According to Transport Topics, TxDOT Chief Financial Officer Brian Ragland said the additional money for the Texas Department of Transportation (TxDOT) should speed up current highway projects, but how much money the state will have to spend on highways in the future will depend on whether the economic surge continues.
“We’ll definitely take advantage of this new funding to do projects sooner than we would have,” Ragland told the news agency. “Does this mean more projects will get done in the long run? I can’t say with any certainty because it is so volatile.”
According to the news agency, the Texas comptroller’s revenue update for fiscal 2018 and 2019 released July 11, 2018 shows that, in November, TxDOT should receive $1.37 billion under Proposition 1, a constitutional amendment approved by voters in 2014 that directs a portion of oil and gas severance taxes to TxDOT’s highway fund. That money, combined with the $734 million that TxDOT received last November, will give the agency approximately $2.1 billion for the two-year budget.
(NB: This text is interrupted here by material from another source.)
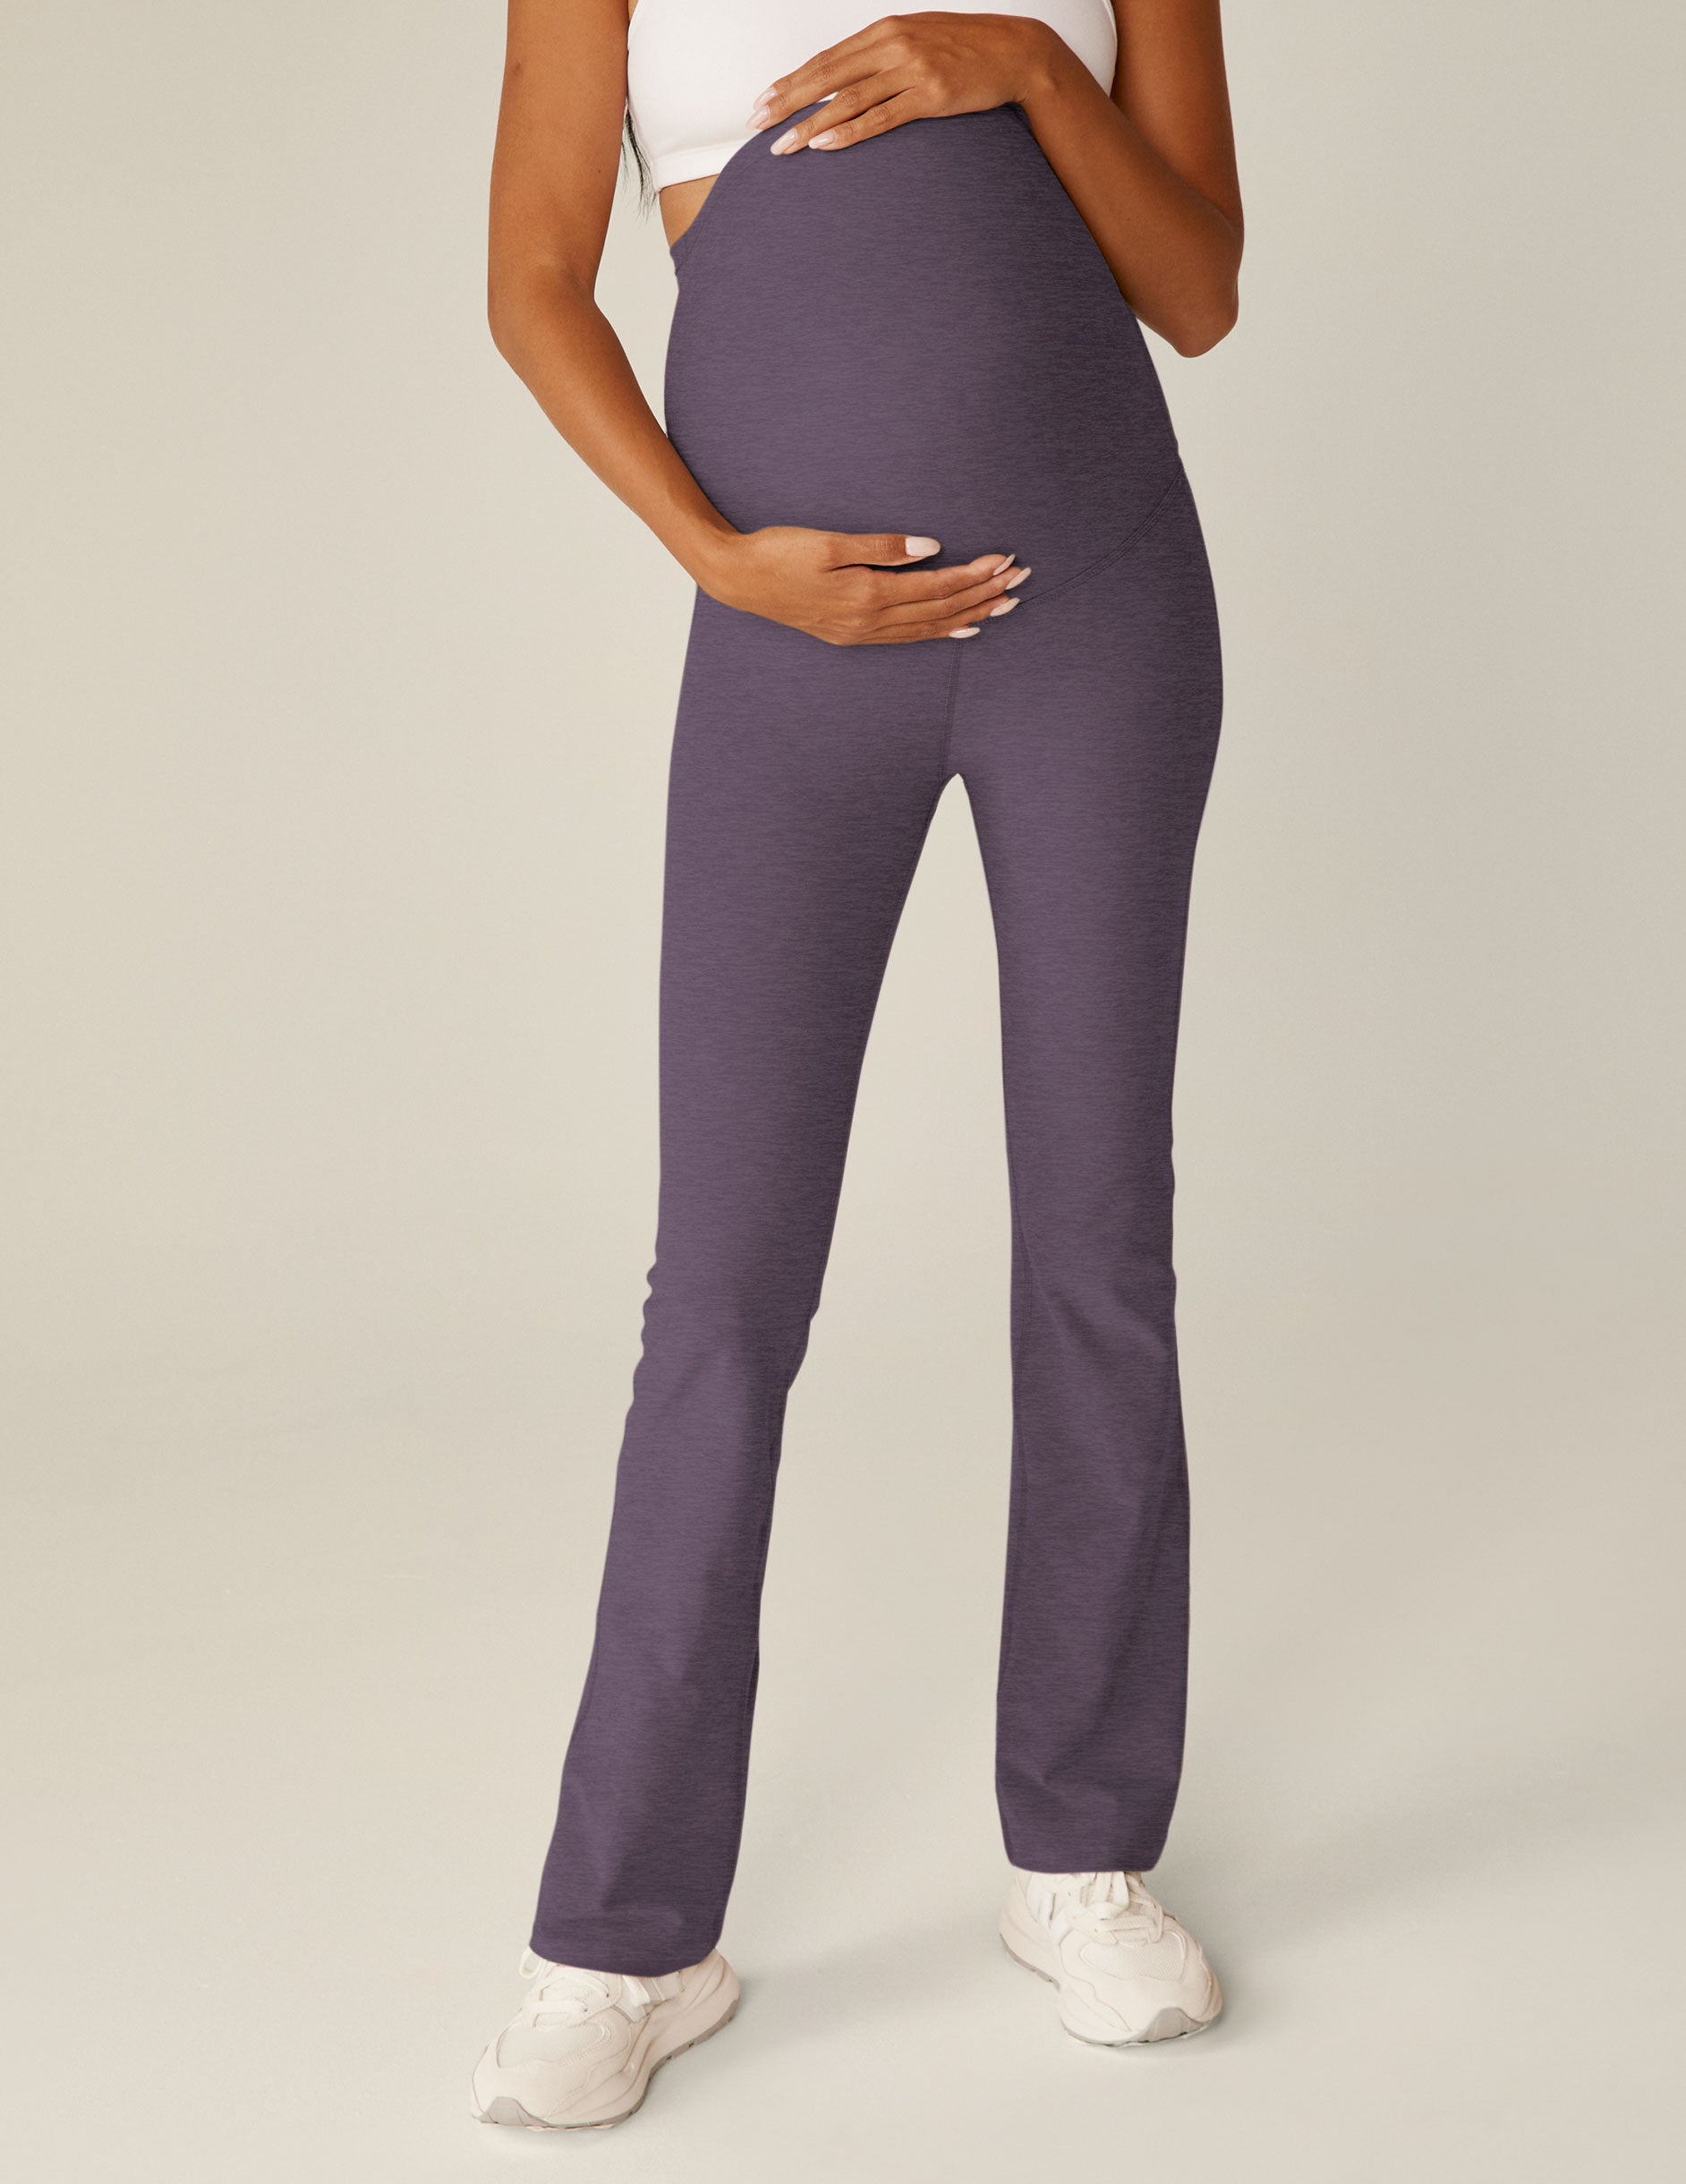 Mamma S Maternity Womens Jeans - Buy Mamma S Maternity Womens Jeans Online  at Best Prices In India | Flipkart.com

In addition to that funding, there’s funding from Proposition 7, the 2015 constitutional amendment that brings TxDOT up to $2.5 billion of Texas sales tax revenue annually, receiving the full amount if the state’s annual sales tax revenue hits $30.5 million. In its 2018-19 budget, the Legislature projected TxDOT would receive $4.7 billion from Proposition 7 over those two years, but the comptroller now estimates that it will get the full $5 billion, Ragland told the news agency. All combined, this is at least an 8 percent increase in TxDOT’s annual budget, which is expected to have an impact on highway expansion.